A 33-year-old woman presents to the emergency department with rapid onset confusion, severe abdominal pain and vomiting over the last 1 hour. A collateral history from her partner reveals that she has been having unusual salt cravings and light-headedness upon standing over the past 2 months, but had put this down to her recent increased stress from work. Past medical history is significant for Graves’ disease, which is well-controlled on carbimazole. Vital signs are temperature 38.0° C (100.4° F), blood pressure 80/59 mmHg, pulse 92 beats/min, and respirations 18/min. On physical examination, the patient has a capillary refill time of 4 seconds and dry mucous membranes. A generalized bronze skin tan is also noted. Pertinent laboratory studies include the following:
- Sodium - 128 mmol/L
- Potassium - 6.0 mmol/L
- Glucose - 3.1 mmol/L
Intravenous access is obtained, and the patient is transferred to intensive care unit (ICU).
Which of the following is the definitive therapy for this patient?
- A) Intravenous 0.9% sodium chloride
- B) Intravenous 5% dextrose
- C) Intravenous hydrocortisone
- D) Intravenous insulin
- E) Intravenous norepinephrine
C) Intravenous hydrocortisone
This patient is experiencing an acute adrenal crisis on a background of previously undiagnosed Addison disease. As it is a life-threatening medical emergency caused by severe glucocorticoid deficiency, the definitive therapy is rapid administration of glucocorticoids. Hydrocortisone has both mineralocorticoid and glucocorticoid activity, making it the preferred glucocorticoid for treating adrenal insufficiency. If hydrocortisone is unavailable, alternatives include prednisolone, prednisone, or dexamethasone.

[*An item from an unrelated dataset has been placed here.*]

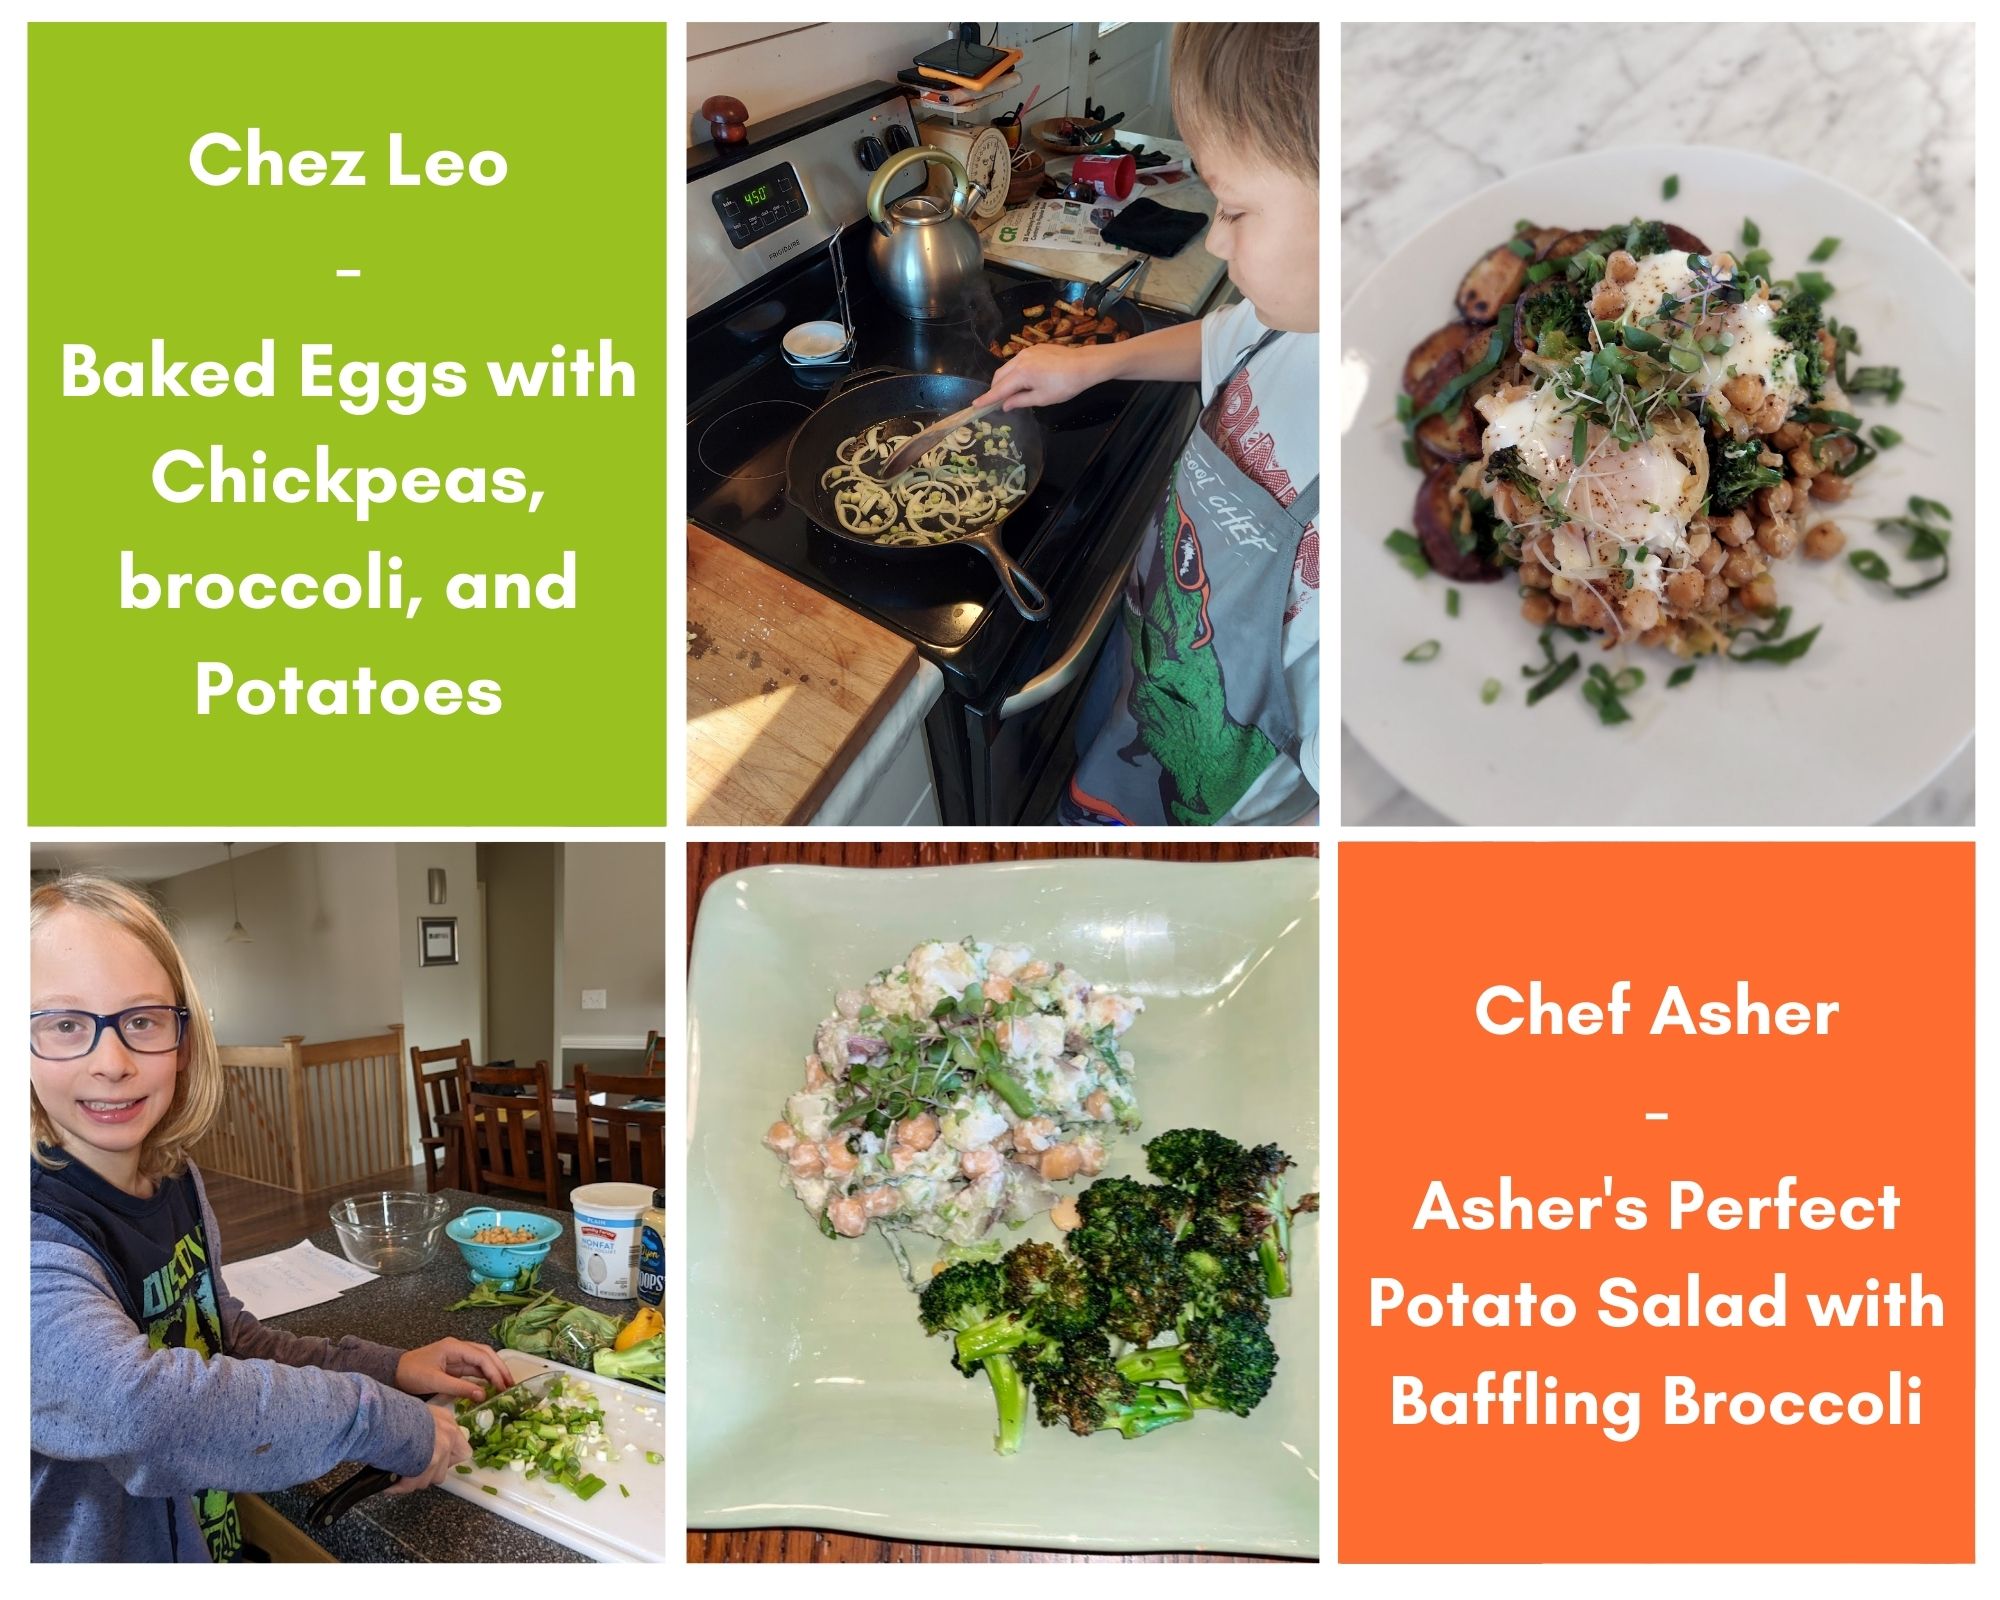 Chez Leo and Chef Asher

Fluid resuscitation with IV sodium chloride 0.9% is also essential in the management of an acute adrenal crisis as patients present hyponatremic and dehydrated but will not reverse the underlying cause of their hyponatremia. Hypotonic saline should not be used because used because it can worsen hyponatremia.

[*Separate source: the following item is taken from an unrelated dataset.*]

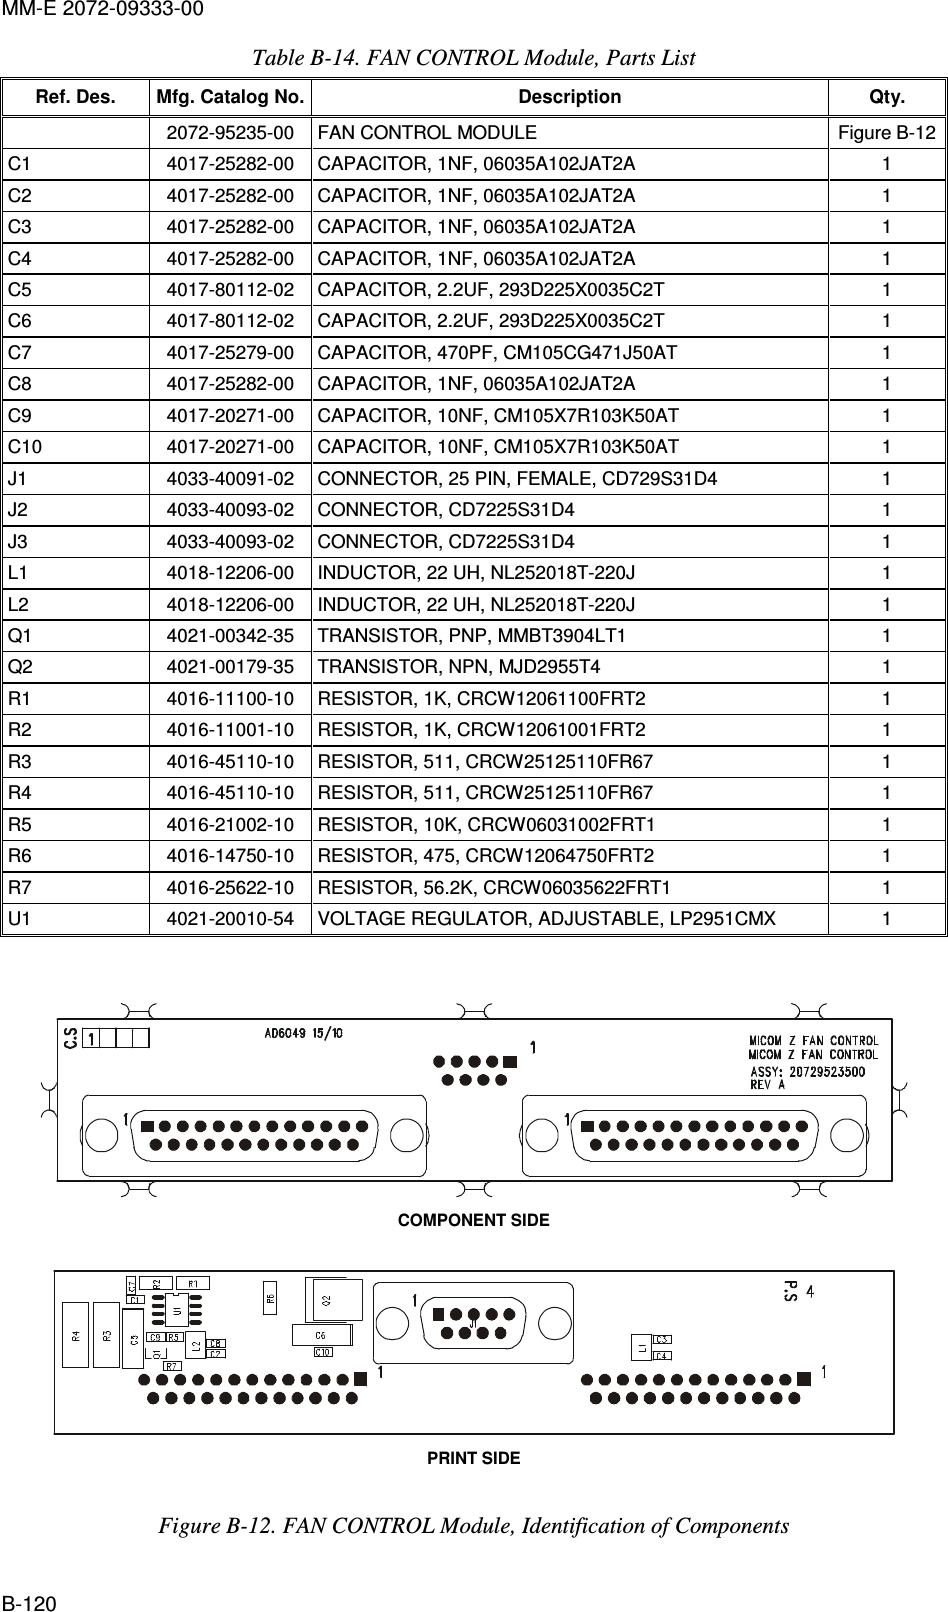 MM-E 2072-09333-00 B-120 Table  B-14. FAN CONTROL Module, Parts List Ref. Des.  Mfg. Catalog No. Description  Qty.   2072-95235-00  FAN CONTROL MODULE   Figure  B-12 C1  4017-25282-00  CAPACITOR, 1NF, 06035A102JAT2A  1 C2  4017-25282-00  CAPACITOR, 1NF, 06035A102JAT2A  1 C3  4017-25282-00  CAPACITOR, 1NF, 06035A102JAT2A  1 C4  4017-25282-00  CAPACITOR, 1NF, 06035A102JAT2A  1 C5  4017-80112-02  CAPACITOR, 2.2UF, 293D225X0035C2T  1 C6  4017-80112-02  CAPACITOR, 2.2UF, 293D225X0035C2T  1 C7  4017-25279-00  CAPACITOR, 470PF, CM105CG471J50AT  1 C8  4017-25282-00  CAPACITOR, 1NF, 06035A102JAT2A  1 C9  4017-20271-00  CAPACITOR, 10NF, CM105X7R103K50AT  1 C10  4017-20271-00  CAPACITOR, 10NF, CM105X7R103K50AT  1 J1  4033-40091-02  CONNECTOR, 25 PIN, FEMALE, CD729S31D4  1 J2  4033-40093-02  CONNECTOR, CD7225S31D4  1 J3  4033-40093-02  CONNECTOR, CD7225S31D4  1 L1  4018-12206-00  INDUCTOR, 22 UH, NL252018T-220J  1 L2  4018-12206-00  INDUCTOR, 22 UH, NL252018T-220J  1 Q1  4021-00342-35  TRANSISTOR, PNP, MMBT3904LT1  1 Q2  4021-00179-35  TRANSISTOR, NPN, MJD2955T4  1 R1  4016-11100-10  RESISTOR, 1K, CRCW12061100FRT2  1 R2  4016-11001-10  RESISTOR, 1K, CRCW12061001FRT2  1 R3  4016-45110-10  RESISTOR, 511, CRCW25125110FR67  1 R4  4016-45110-10  RESISTOR, 511, CRCW25125110FR67  1 R5  4016-21002-10  RESISTOR, 10K, CRCW06031002FRT1  1 R6  4016-14750-10  RESISTOR, 475, CRCW12064750FRT2  1 R7  4016-25622-10  RESISTOR, 56.2K, CRCW06035622FRT1  1 U1  4021-20010-54  VOLTAGE REGULATOR, ADJUSTABLE, LP2951CMX  1    COMPONENT SIDE   PRINT SIDE  Figure  B-12. FAN CONTROL Module, Identification of Components

IV 5% dextrose will help with the patient’s hypoglycemia but will not reverse the underlying cause of their hypoglycemia.
Hyperkalemia can be reversed with insulin, but this will not treat the underlying cause of the hyperkalemia.
Vasopressors such as norepinephrine are not a typical part of the management of acute adrenal crisis.
Key Learning Point
Fluids and glucocorticoid replacement are the mainstays of treatment for an acute adrenal crisis. Glucocorticoid administration is the only definitive therapy for this condition as it targets its underlying pathophysiology.